Clearly feeling less sick with something to occupy him, Yancey followed Sergeant Duckworth and was gone. A few moments later Alan, who had been counting in his head as the others were counting, could restrain himself no longer.
"Dr. Fell," he said, "Sergeant Duckworth kept referring to 'the place.' What place?"
In leisurely fashion Dr. Fell took up his stick from the teacher's desk.
"The place in question—twenty-one, twenty-two, twenty-three—is the junk-yard some forty yards west of this building." He looked at Camilla. "That junk-yard, Miss Bruce, figures not unimportantly in our problem.
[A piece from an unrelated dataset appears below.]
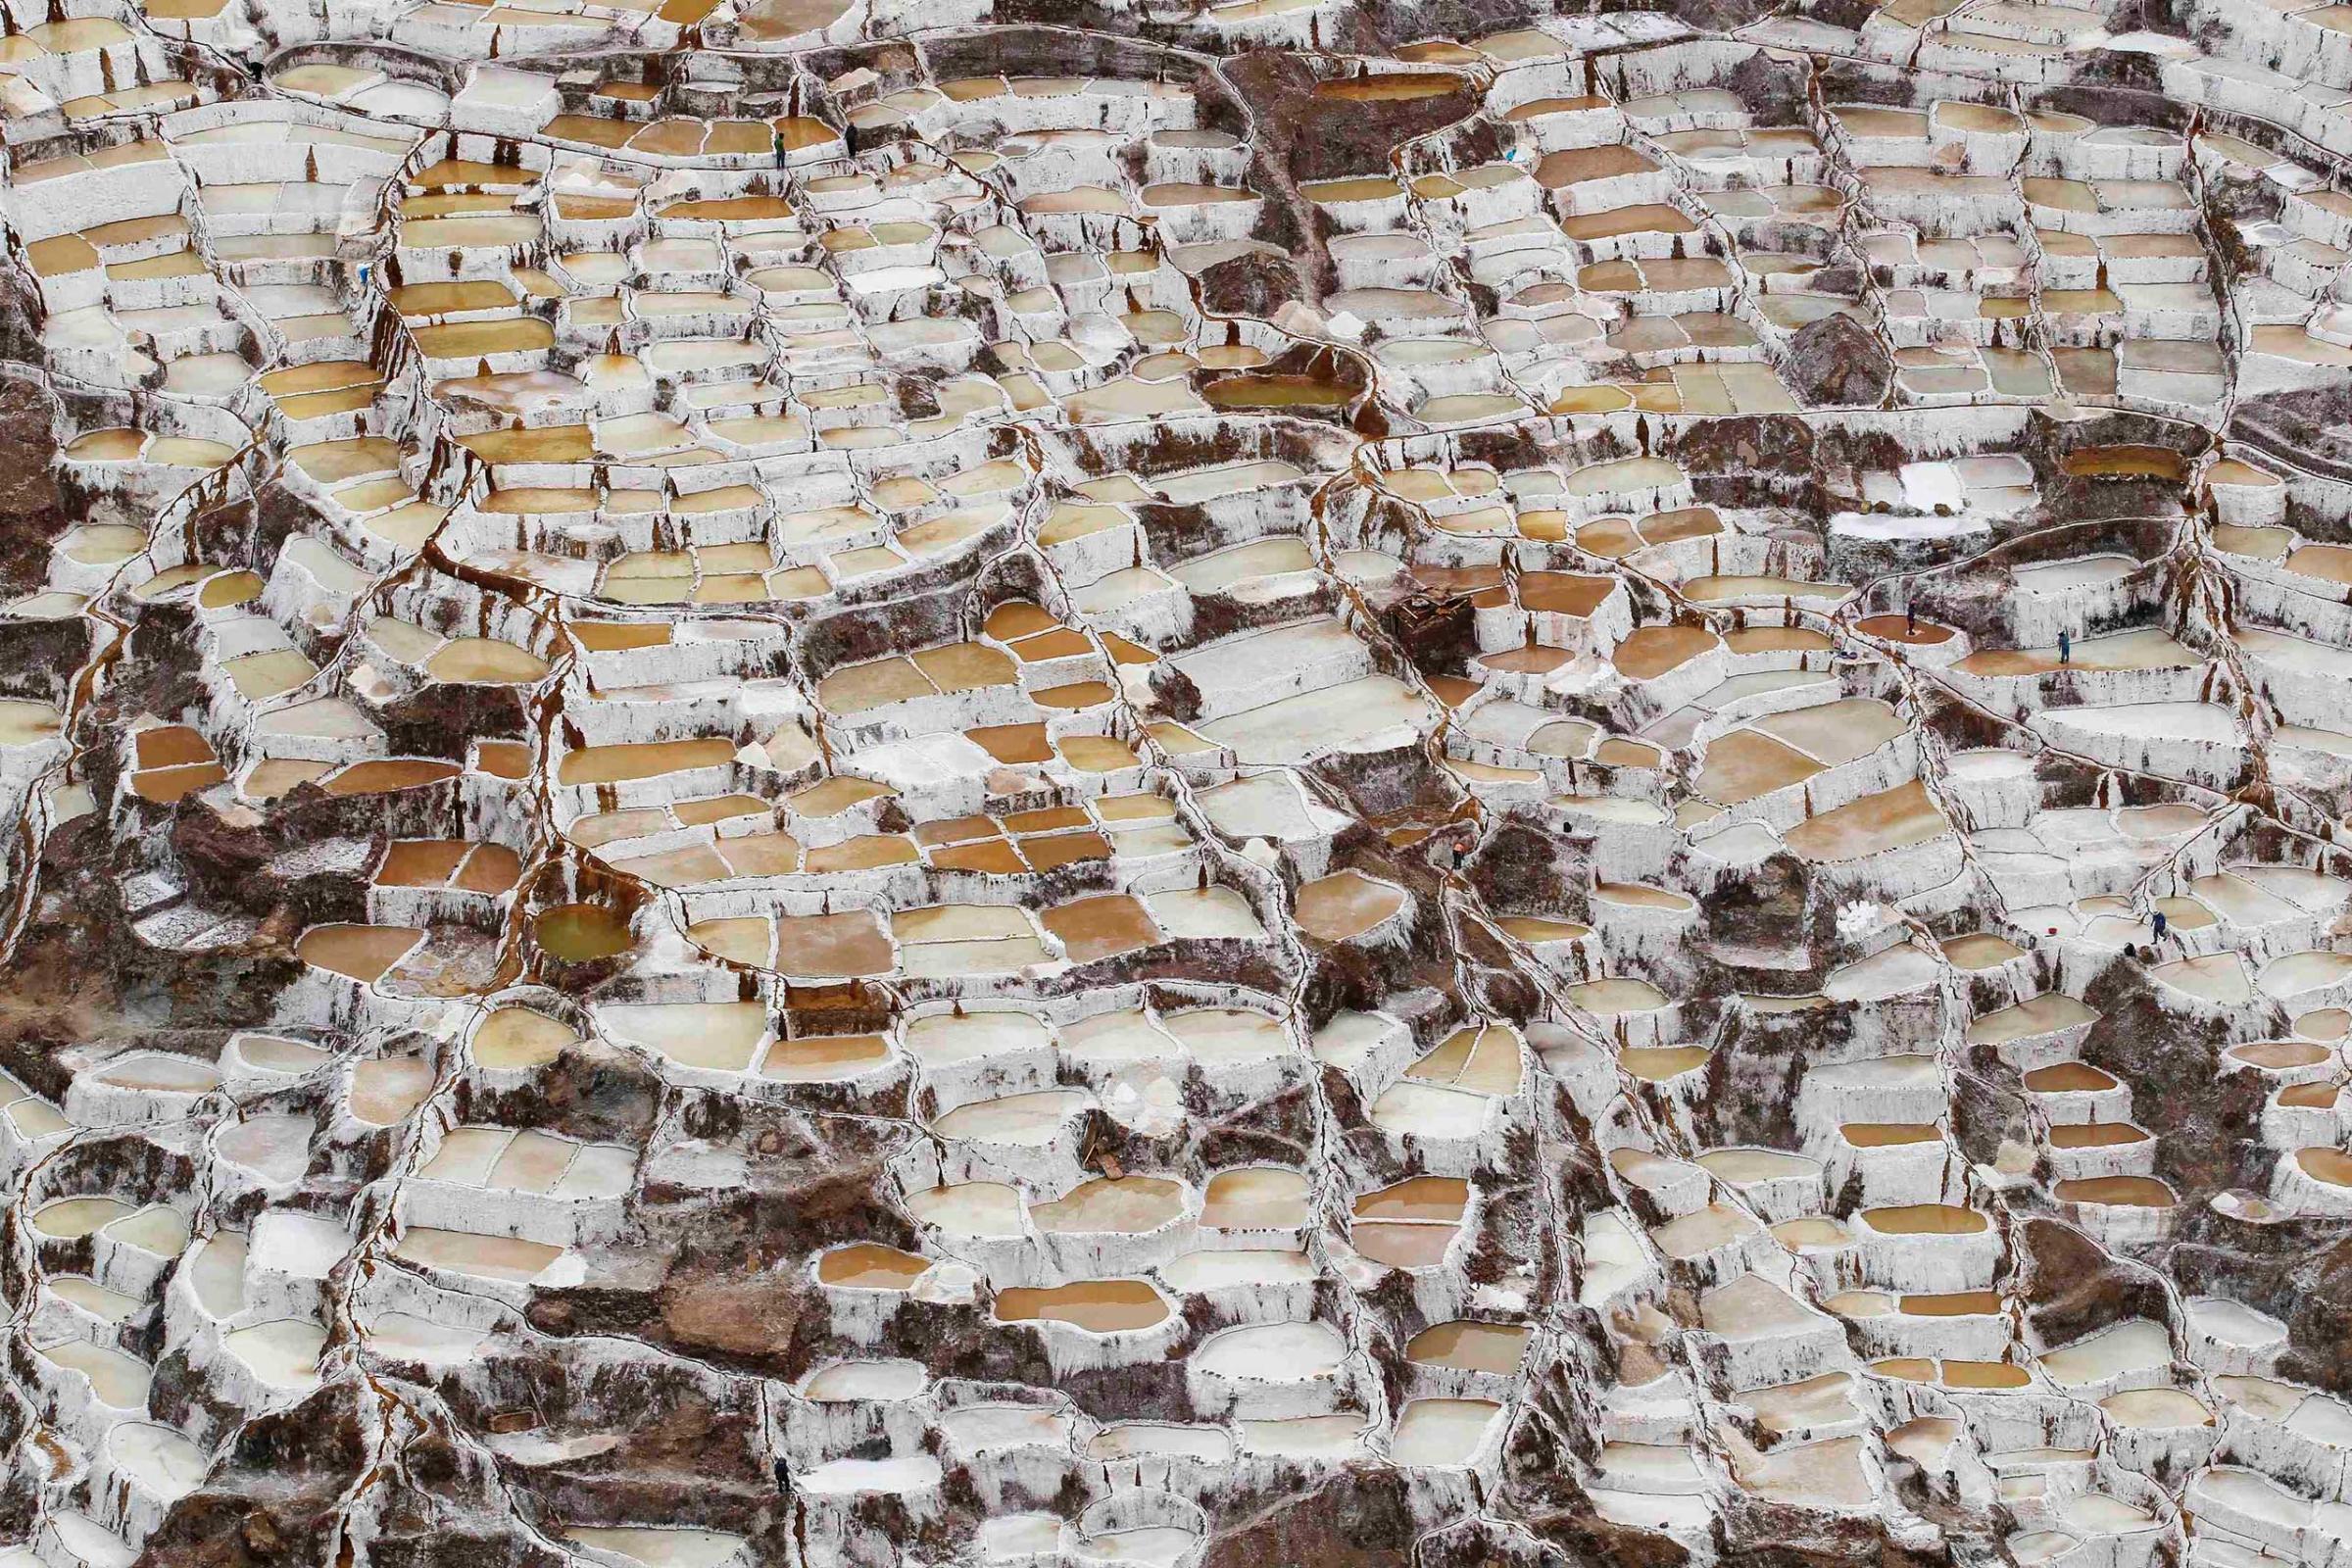 A view of salt ponds at the Maras mines in Cuzco

Don't scorn the junk-yard, I beg."
"If you mean I was sniffy about it to Captain Ashcroft, I'm not saying anything at all. But Alan is absolutely bursting with questions; aren't you, Alan?"
"Yes! You yourself, Magister, keep referring to a method of murder you call a death-trap. Are we supposed to understand this method by thinking of Edgar Allan Poe?"
"If we think of him in relation to The Gold Bug. What happens in that story?"
"An eccentric character named Legrand solves a cryptogram that leads to buried treasure."
Dr. Fell finished counting to fifty. He lumbered to the glass-panelled door, with Alan and Camilla following. They were all in the corridor, and Dr. Fell had bent forward to open the side door, when he spoke again.
"Don't stop there; go on! Having solved the cryptogram, what does Legrand do?"
" 'A good glass in the bishop's hostel in the devil's seat.' The 'good glass' is a telescope. He—"
Once outside the door, all mist was gone before a damp wind raking from the south. Nor had Sergeant Duckworth exaggerated the darkness, a palpable force. They all stumbled on the little steps leading up to ground-level. When they gathered together at the top, with Alan's arm round Camilla, whispers flew back and forth.